2006-07-13 06:39:33 · 41 answers · asked by Ginny C & Hobie D 2 in Pregnancy & Parenting Pregnancy

41 answers

Tell her honestly - she may get mad, but you never know, she might surprise you and be okay with the whole thing. Being a mom myself, I know that I would want everything to be perfect with my daughter's life, but I also know that nothing and nobody's perfect. A mom's love is so great and special - I'm sure your mom won't hate you or be mad at you forever, at least, if I were your mom, I know I won't stay mad forever. There is always that special bond that exists between mothers and their children - it never goes away even when the kids are all grown-up. Maybe if you come clean and tell your mom, she will appreciate the fact that you trust her and that you are honest with her. Sure she will be disappointed now but she'll turn into a proud happy grandma when that baby comes.

Goodluck, have faith that your mom will come through for you.

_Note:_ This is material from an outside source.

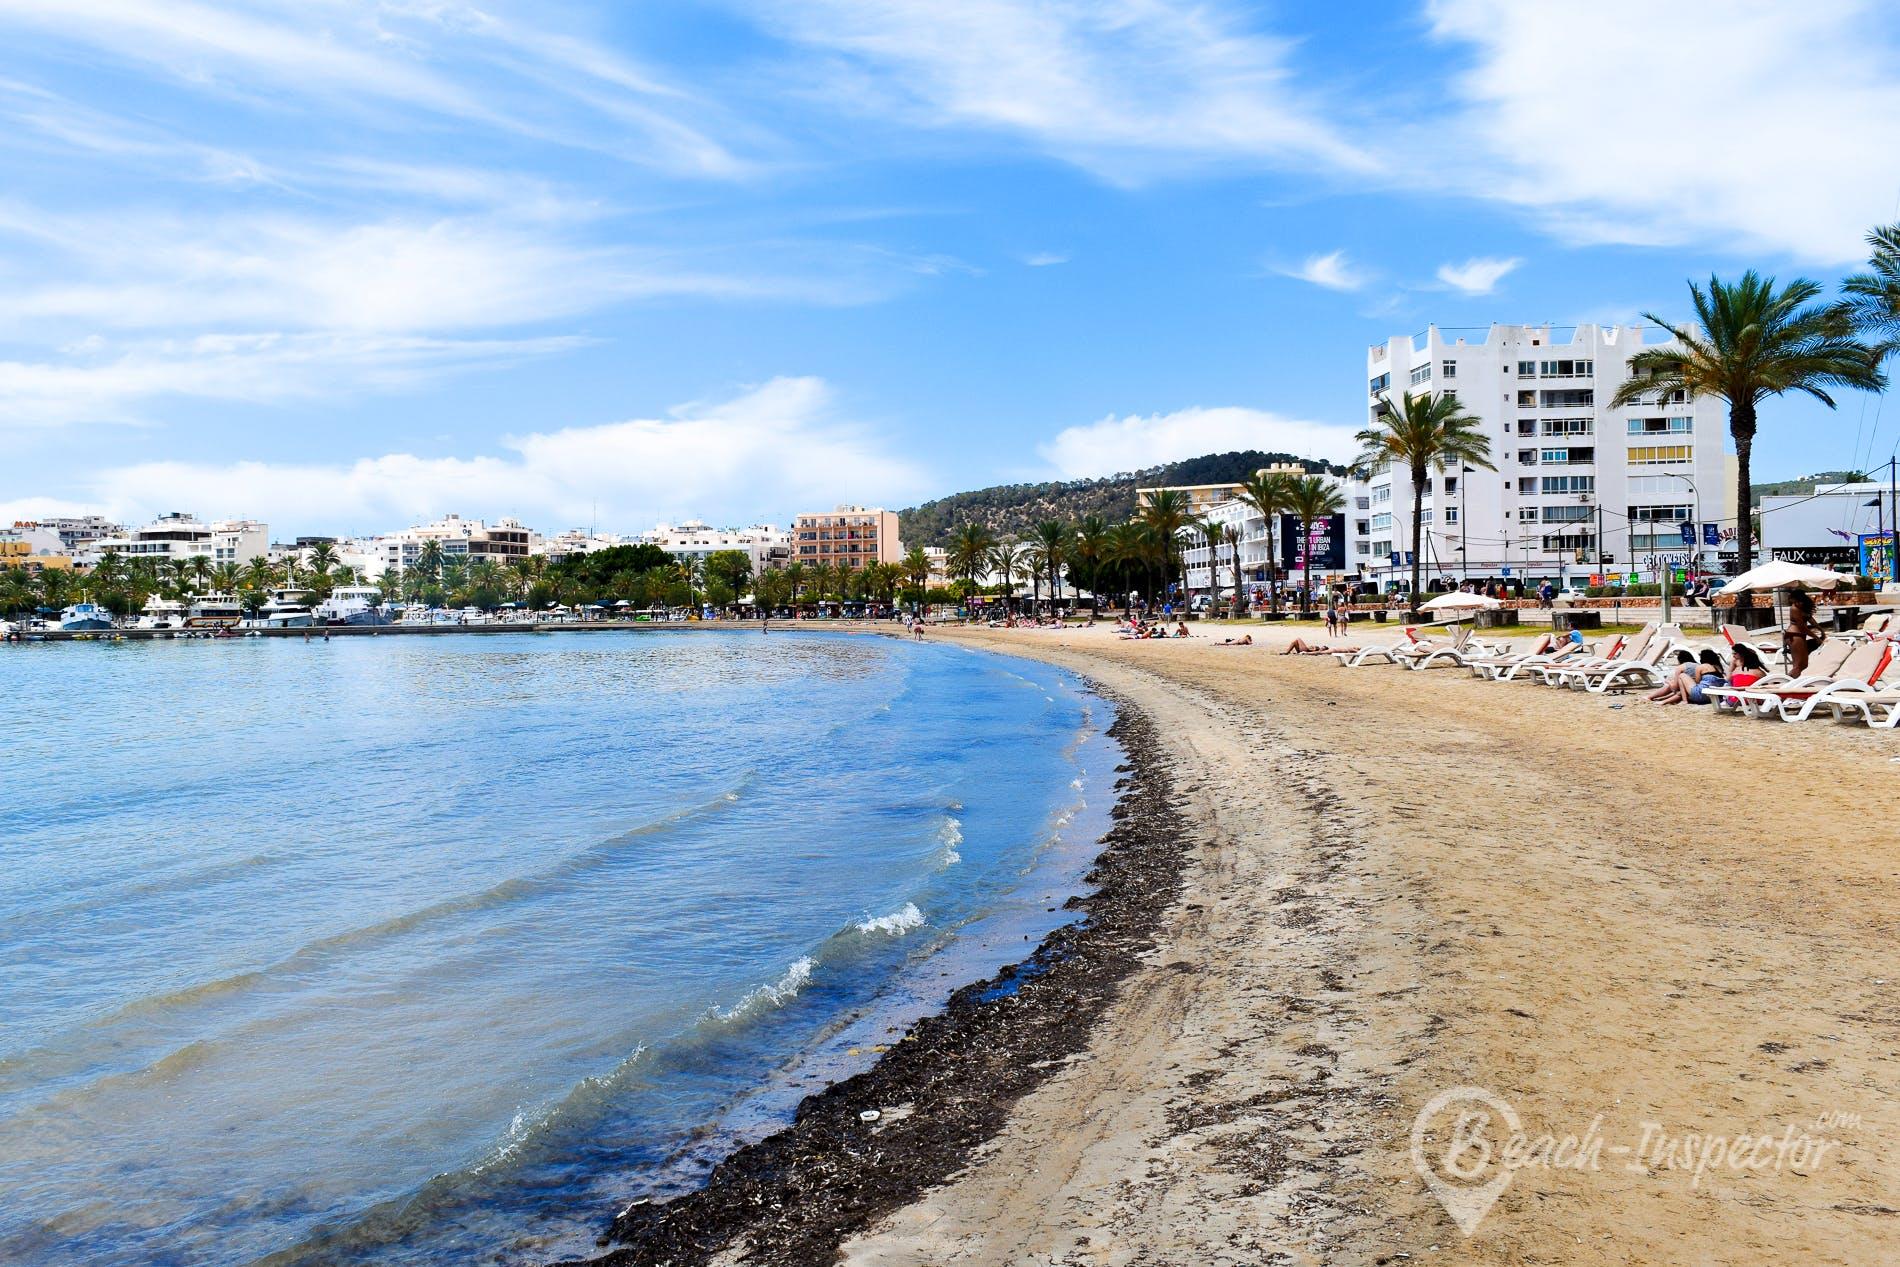 Beach Playa de S'Arenal, Ibiza, Spain
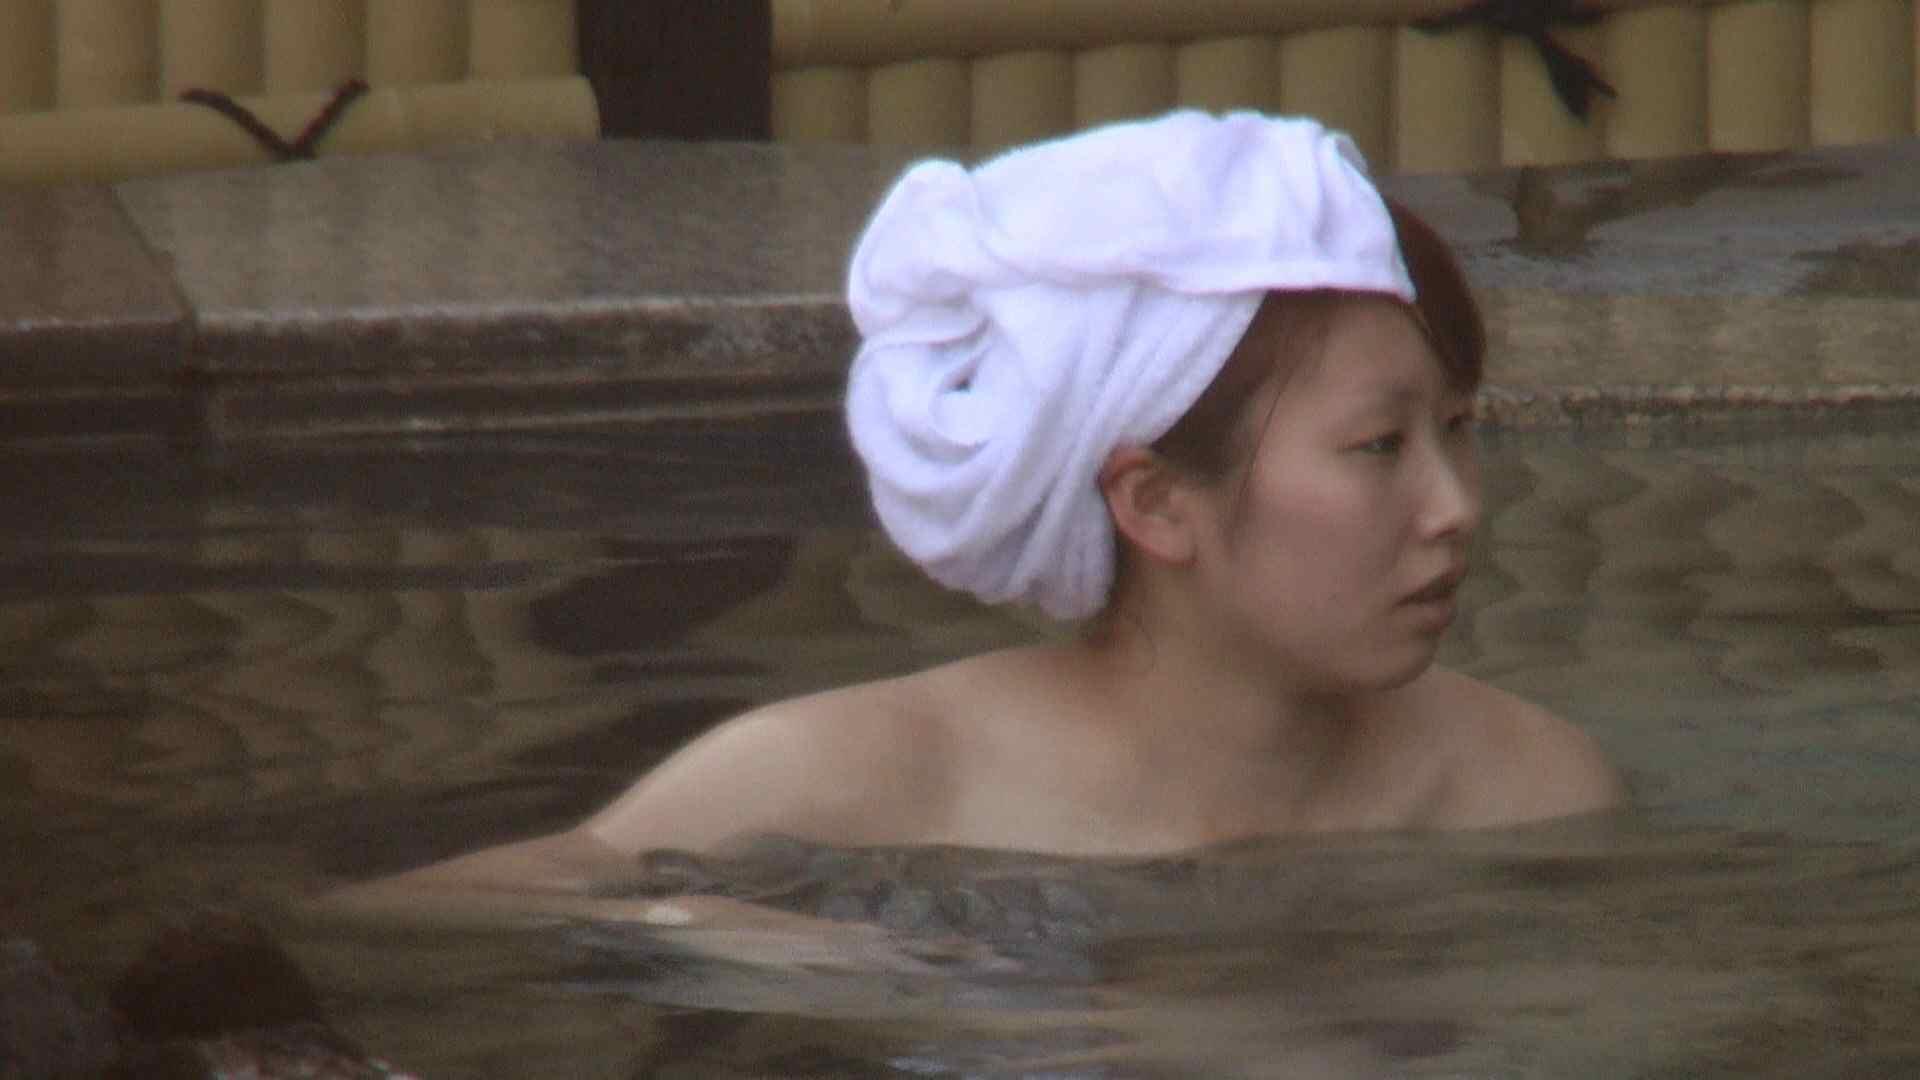 Aquaな露天風呂Vol.210 OL女体   露天  49連発 25

2006-07-13 07:01:53 · answer #1 · answered by hotmomma23 5 · 1 0

Look, I am 25 years old and pregnant and it was the hardest thing I had to do. (Tell my parents). My dad was awesome and very supportive but my other family members were less supportive.
1st decide what you will do. Having an abortion is very traumatizing and I don't recommend it.
BUT it is your choice. If you want this baby and have logically made a plan of action with the boyfriend then you need to tell your mom ASAP. Get it over with. The longer you wait the worse it will end up.
Think logically and when you tell her have answers ready forr her questions. For example, where will you live, will you get married, what will you do fo money, will you finish school , who will watch the baby when you are at work or school. Health care insurance....all of these things are serious issues you nee dto think about before you make a decision.
Good luck. In some way God has a plan for you, i really believe its true. God doesn't give you anything you can not handle...remember that.

2006-07-13 06:52:20 · answer #2 · answered by Anonymous · 0 0

I am going to tell you a few things now that you may not like to hear:

I could be all high and mighty about how STUPID you are for getting pregnant at 18, but that would solve nothing here and would not answer your question.

I guess the fundamental issue here is if you are going to keep the child. If the answer is yes, then your life changes completely and utterly. Should you choose not have the child, your life changes, but for a different reason.

As you know, there are limits on how long you can wait to have an abortion, and if you do not know that, I suggest you do some research NOW.

As far a telling your mom, you can bet she is going to be royally P O'd, but she probably loves you a lot more than the anger she is going to have that you may have just completely changed your life.

Melodramatics will tell you that you have ruined your life but that is not necessarily the case.

Soon your mom will know either way and I suggest that you tell her soon. She will stand behind you as you are her daughter. At least in a normal sense she will. You may live with Joan Crawford, I do not know.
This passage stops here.